I can't say enough good things about fasting. My brothers and I Fast once a month for a 24 hour period. I believe God designed the body to respond favorably to abstinence of the routine. I still honor the Season of Lent by choosing something in my abundant existence to give up for forty days. This last season, which ends on Resurrection Sunday I chose COFFEE!
I must say I surprised myself, those of you who truly know me now how much I enjoy a good cup a coffee. My favorite Barista is Peet's, they make coffee for Coffee Lovers. Well today I had my first Cup of coffee in forty days. Initially I was planing to wait until I could make it back to my favorite Barista in Northern California (Palo Alto) and really enjoy the re-acquaintances with my old friend Cup-O-Joe. Unfortunately my will power collapsed and I settled for StarBucks.
WOW what a difference, prior to the fast my system was having a negative reaction to the caffeine. Today was a welcomed and well deserved treat. The fulfillment was enriched because I was tired and dragging and I needed the pickup but more then that it was the familiar gratification that only caffeine derived from coffee can deliver. I nursed a tall for at least 2 hours and by the time I finished I was revitalized.
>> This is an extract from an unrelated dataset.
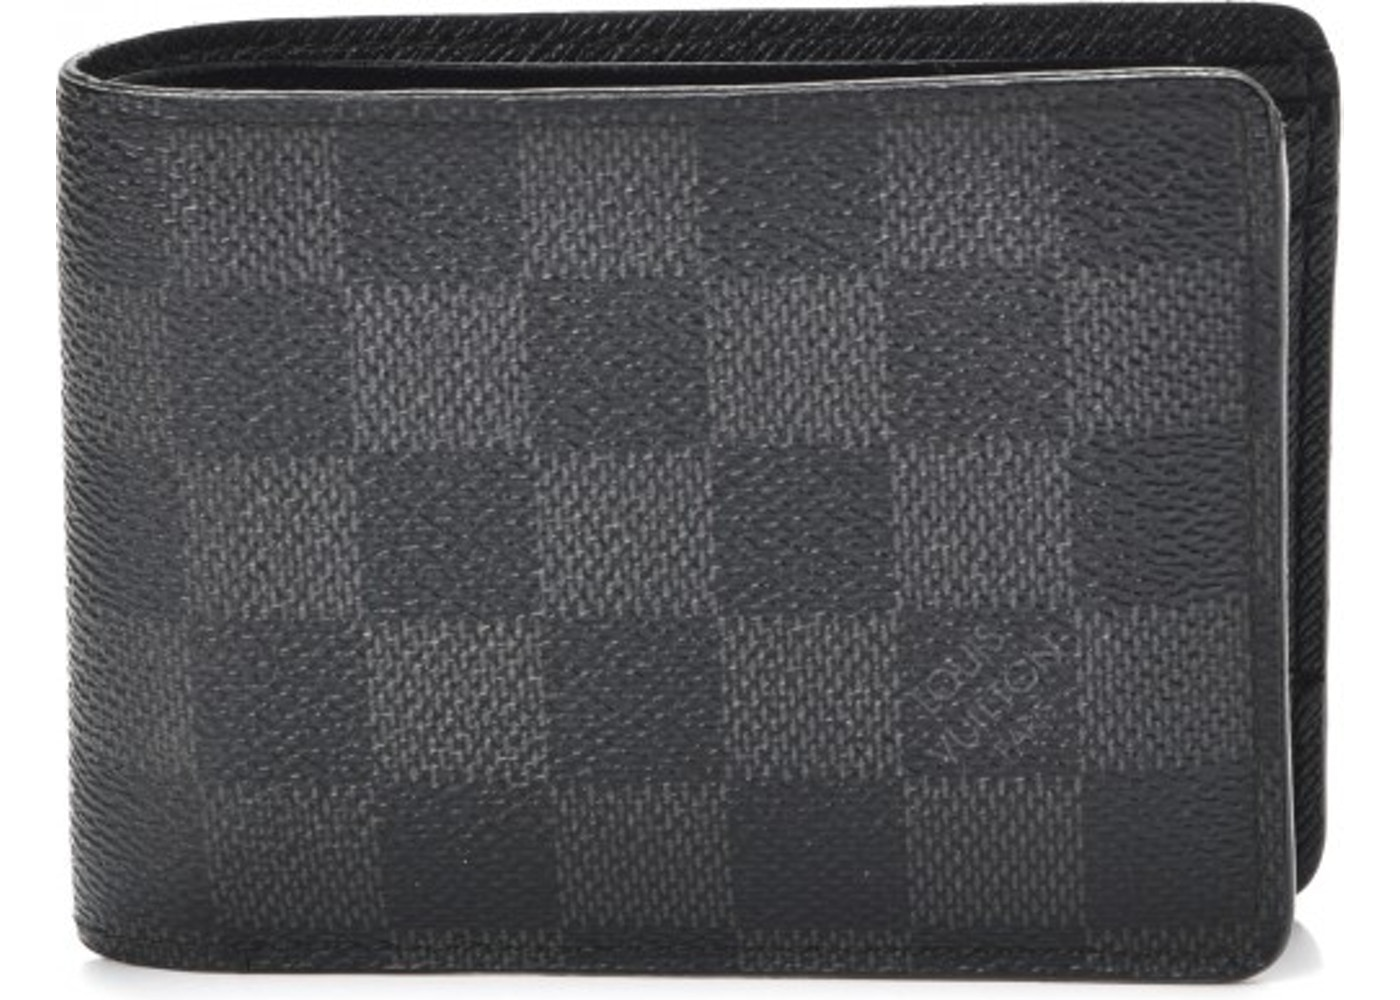 b59e908df514 Louis Vuitton Multiple Wallet Damier Graphite Black Grey. Damier Graphite  Black Grey

The experience left me wondering what we'll feel the moment after death, when we get our new unblemished bodies. No pain, what a great promise to look forward to. Will it be like inhaling a deep unobstructed breath of pure Oxygen?
I can only Imagine!
When I started this blog I was convinced I would be able to spill my thoughts onto the page. I often compile profound thoughts in my head but then I neglect to blog or Journal the old fashion way.
Working two jobs has taken its toll on me. It's true that something has to give when you burn the candle at both ends. Working two jobs is like an addiction, I feel as though I'm getting closer to relieving some serious debt thats been hanging on for far to many years, So I keep going back. And now I think I've infused the supplemental income into my regular salary. I've even aligned the workdays so that they match. The downside is for 5 days of the week I'll leave my house at 08:50 and won't get home until 23:15.
This is a vigorous schedule for anyone, For me I found myself rapidly burning out. In order for me to recover time I sacrificed key elements of daily allowance s. The first to get pushed back was I stopped getting up early to read the bible. This of course was the absolute worse thing to stop doing. Without Daily spiritual guidance I lost my navigation.
The second most crucial element for overall balance in my life was exercise, Ouch! It really sucks to be out of shape, and for me It's been a life long battle that I was only able to maintain through regular exercise.
If you remove just these two elements from your life it can be a cocktail for depression, Which BTW runs ramped in my family. So here I am, miserable about my situation. Constantly wondering "How did I get here?" How do I break this viscous cycle? I have lost focus and I'am just going through the motions. Worst of all I know God knows this about me. So what do I do?